Mubarak’s two sons, one-time heir apparent Gamal and Alaa, face corruption charges in the same trial along with their father and a close family friend who is a fugitive.
An 18-day uprising forced Mubarak, 83, to step down on Feb. 11 after a nearly 30-year rule. The military, led by a general who served as defense minister under Mubarak for 20 years, replaced him in power.
Earlier in Thursday’s hearing, chief prosecutor Mustafa Suleiman said Mubarak was “politically and legally” responsible for the killing of the protesters and charged that the former president did nothing to stop the killings that he was aware of from meetings with aides, regional TV channels and reports by his security agencies.

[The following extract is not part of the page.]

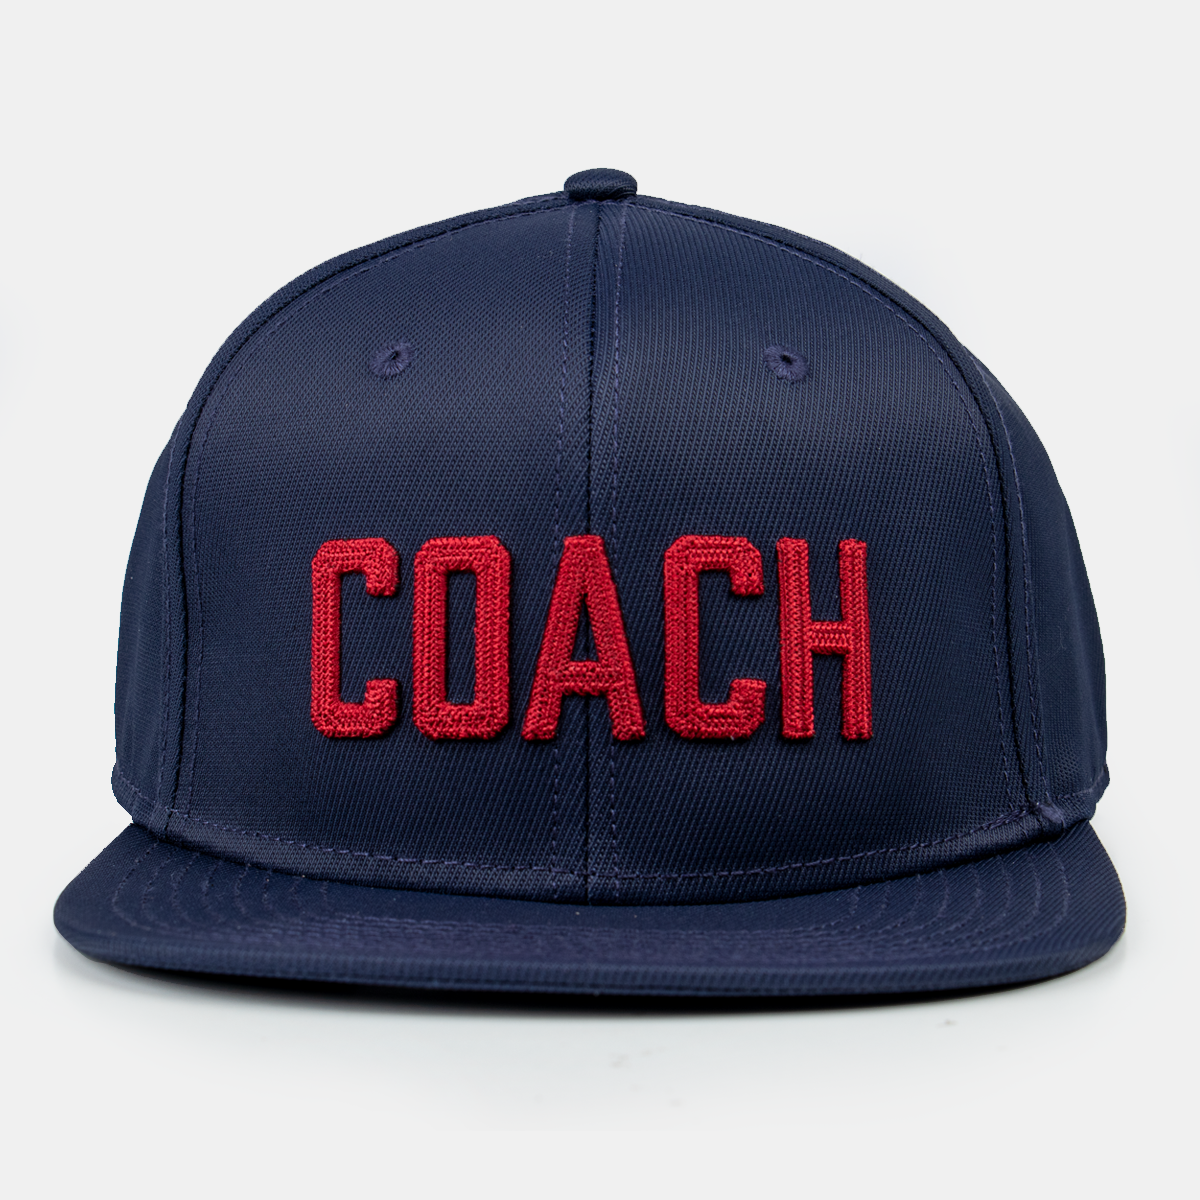 The Coach Hat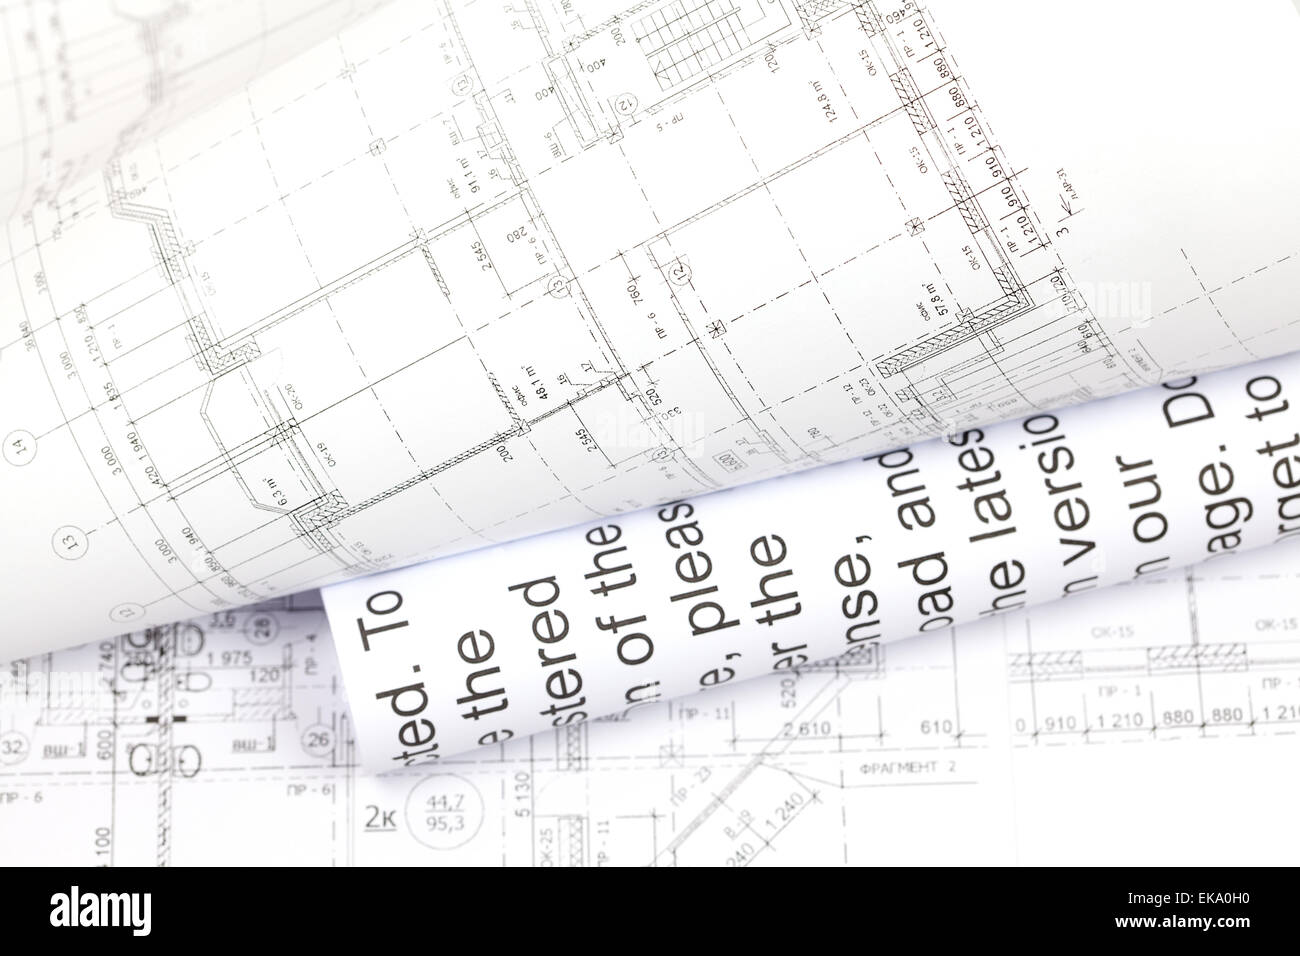 background of architectural drawing Stock Photo

He said Mubarak’s security chief and co-defendant, former interior minister Habib el-Adly, authorized the use of live ammunition on orders from Mubarak.
“He (Mubarak) can never, as the top official, claim that he did not know what was going on,” Suleiman told the court. “He is responsible for what happened and must bear the legal and political responsibility for what happened. It is irrational and illogical to assume that he did not know that protesters were being targeted.”
Addressing Mubarak directly, Suleiman said, “If you had not issued these orders yourself, then where was your outburst of rage over the lives of your people?” Testimonies by two interior ministers who succeeded el-Adly, he said, pointed out that the defendant could not have given the order to use live ammunition against the protesters without Mubarak’s personal approval, said Suleiman.
Suleiman said Mubarak told investigators he decided to step down after the military refused to intervene to “immediately and urgently” help the security forces contain the protests. Mubarak called out the army on Jan. 28 — three days into the uprising and on the day when security forces disappeared from the streets in circumstances that have yet to be fully explained.
“He (Mubarak) fully knew what was happening but he did nothing,” said Suleiman.
Another prosecutor, Wael Hussein, said that one of the six police commanders on trial — former chief of the hated state security agency Hassan Abdel-Rahman — has personally given orders to allow inmates to escape from a string of jails across the nation during the uprising. The escapees, who numbered in the thousands, have been blamed for a dramatic surge in crime since Jan. 28 last year when almost all vestiges of state authority collapsed.
Most of the inmates have since been captured and returned to jail, but Egypt continues to suffer higher-than-usual crime rates.